Илья снова полоснул взглядом по Мирославу и, неловко потрепав мать по плечу, отстранился.
— Пойду я, это, воды найду. Сиди тут. — Илья встал и, бросив на Мира предупреждающий взгляд, в котором читалось что-то типа «вот только теперь не накосячь», отошёл в сторону.
Мир сделал последний шаг, разделявший его с Юлей, и встал за её спиной.
— Очень жаль…
Юлька вздрогнула от его голоса и медленно-медленно подняла заплаканное лицо. Ей было явно неудобно, вот так сидеть — закинув голову назад и как-то неловко развернувшись, но она замерла, как будто боялась двинуться ещё хоть на сантиметр и спугнуть то, что видела перед собой.
— Мир?… — Её голос сел от слёз и волнения, а в глазах плескалось столько эмоций, что Мирославу на миг стало снова больно, но совсем не так. Сейчас эта боль не сжимала его сердце, а наоборот, расправляла каждую клеточку, заставляла чувствовать жизнь и надежду. — Ты…? Жаль? Что жаль?

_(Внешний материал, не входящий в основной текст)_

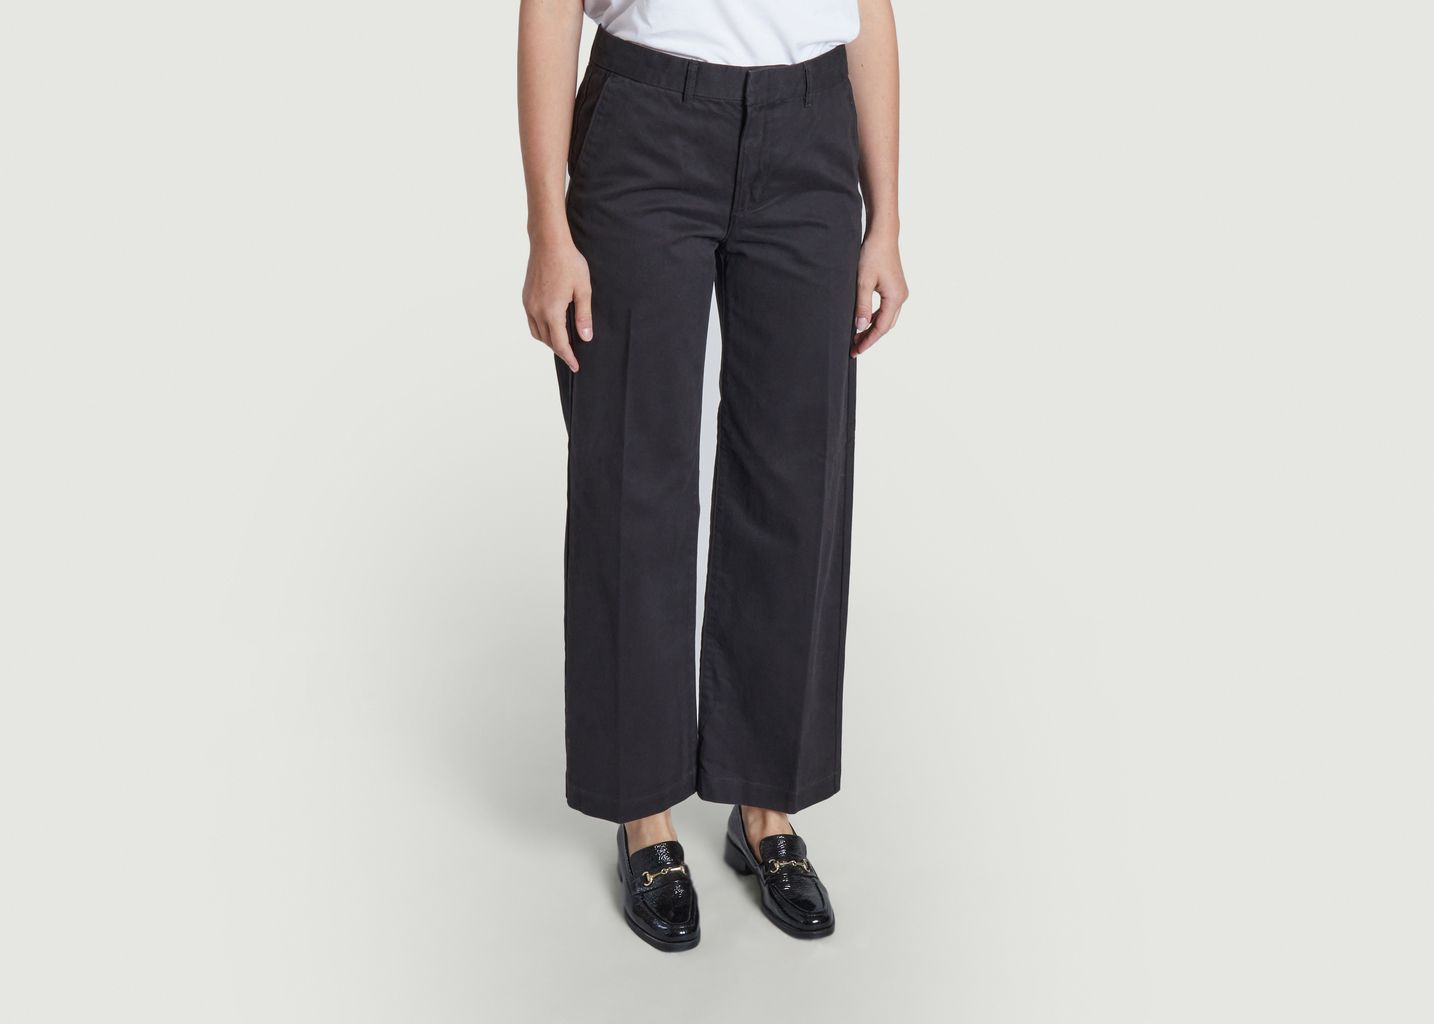 Baggy trousers - Levi's Red Tab

— Очень жаль, что только кажется. — Закончил Мир. — Но, с другой стороны, значит, буду убеждать, пока не будешь уверена точно. Потому что я тебя точно, абсолютно безоговорочно и бесповоротно люблю.
— И ты не улетел? — Юлька наконец отмерла и развернулась к Миру вся, вставая коленками на кресло и вцепляясь побелевшими пальчиками в металлическую спинку.
— Ююююль. — Мир протянул руку и смахнул пальцами последние срывающиеся из глаз его Белки слезинки. — Таракашки разбежались, включайся обратно. Я здесь. Никуда я не уеду. Без тебя — никуда. Если ты меня простишь, что я… В общем, если тебе ещё нужен идиот, который, как любит говорить твоя подруга, сначала валит лес, а потом думает, куда ему столько древесины… Я обещаю, больше никакого недоверия. Я дурак. И ты имеешь полное право однажды решить, что с тебя хватит. Но я уверен, что узнаю это от тебя, и лично. А никак не из чужой смс-ки. А я обещаю, что если однажды я… Нет, не усомнюсь, Юль. В тебе — ни на минуту. Но если мне что-то там покажется… Мы будем говорить. Нам много придётся говорить. Но мы всё решим, Юль. Всё! Юлька, да?
— Да!
Илюха со вздохом закатил глаза, наблюдая, как его мама с такой счастливой улыбкой протягивает руки вперёд, а Мирослав сгребает её в охапку своими медвежьими лапами, прямо через спинку стула прижимая к себе, и целует, целует, целует. Фу. Ох, уж эти взрослые. Может, он позже поймёт.